Background: The revalidation of the Mini Examen Cognoscitivo (MEC), first Spanish version (1978) of the Mini-Mental Status Examination (MMSE) and documentation of "population-based norms" should clarify the potential confusion induced by later versions of MMSE.
Context: The Zaragoza Study on the prevalence of dementia and depression in a representative sample of the elderly community (N = 1,080).
Instruments: MEC-35 and MEC-30 points, and validated, Spanish versions of Geriatric Mental State (GMS), History and Aetiology Schedule (HAS) and Social Status Schedule (SSS).
Procedure: a) validation of MEC (standardized lay interviewers) against the gold standard of psychiatric diagnosis (DSM-III-R), two months later; b) "population-based norms" in the "healthy" population, and c) comparison with other MMSE versions.

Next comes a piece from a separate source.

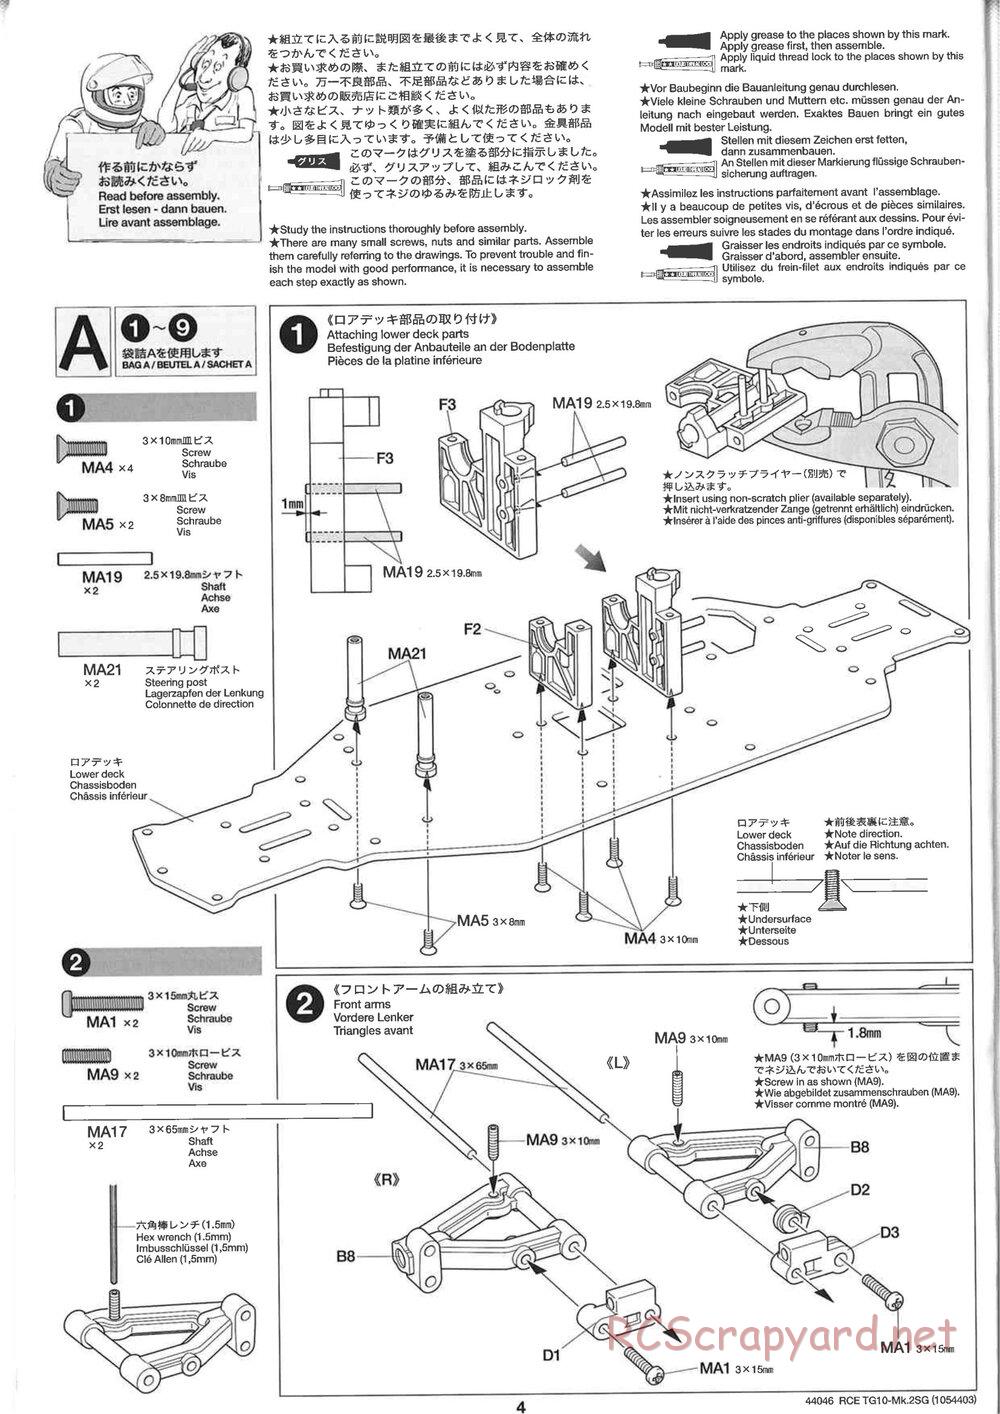 Tamiya - TG10 Mk.2SG Chassis - Manual - Page 4

Results: The instrument fulfills criteria of "feasibility", "content", "procedural" and "construct validity". Test-retest reliability: weighted kappa = 0.637. MEC-30 (cut-off point 23/24), sensitivity = 89.8%, specificity = 75.1% (80.8% with the cut-off at 22/23), and ROC curve, AUC = 0.920. The coefficients of individual items were satisfactory and the specificity increases in MEC-35 (83.9%). Other MMSE Spanish versions have not improved these coefficients. "Population-based norms" confirm the hypothesized influence of age and education level. MEC-30 is the version with most comparable results with the MMSE in USA.
Conclusions: The validity of MEC is confirmed in the elderly population, with the same cut-off points recommended in the original standardization. MEC-30 is the best version for international comparisons.